I am still not employed…I have attended workshops but to be honest they don’t address the very real problem of feeling unhirable. Actually I think I failed on a phone interview because I was too prepared.  I can’t seem to find the magic words or bullets that will point me towards a new successful career. I keep thinking a miracle will happen,. But…what if I’m all out of miracles…what if this is the end of the road for me…and then,  I panic…what am I going to do…I’m running out of resources…and friends ….and family…all of which are in very short supply.

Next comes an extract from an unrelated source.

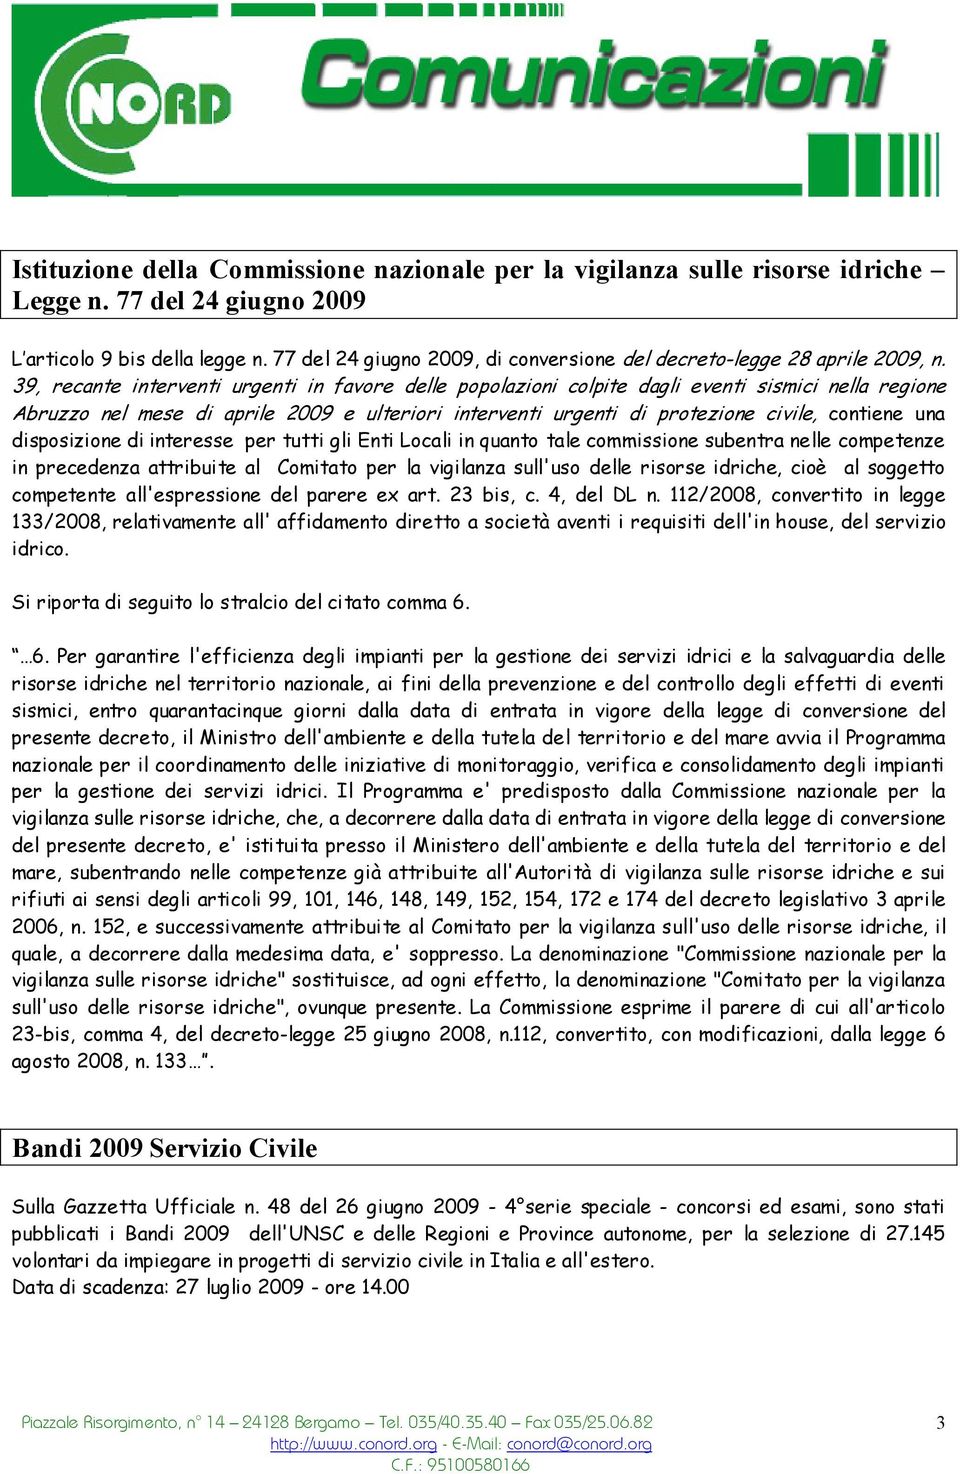 39, recante interventi urgenti in favore delle popolazioni colpite dagli eventi sismici nella regione Abruzzo nel mese di aprile 2009 e ulteriori interventi urgenti di protezione civile, contiene una

I am in a very dark place and don’t know how to find the light. I have my animals and frankly they are what is keeping me together. My dog requires walks and food…The cats require clean litter boxes and food. If i were not to awake tomorrow…would anyone know….my phone rarely rings and when it does…its either Dell telling me my replacement computer is still NOT on its way or its a charity looking for donations.

My house is in disrepair…no money to fix the massive issues…no energy to fix the little issues…Inside it looks like a Hoarder lives here….how …why…am i in this pickle…

When I was a little baby…my mom said i was so beautiful and sweet she prayed for god to be good to me and watch over me….well…in a way he/she has…but still…I am in this pickle….

So….now that I have vented and shared, what do I do….How do I move forward. Yes, I know, one step at a time…but how….I lost my mom too many years ago…I never got to get any words of her wisdom or advice…I’ve been on my own mom wise for most of my adult years….maybe that’s why im stuck.

Guess it’s time to pick myself up…put on the big girl panties and figure it out….it’s not going to be pretty….but it will be real and it will be me!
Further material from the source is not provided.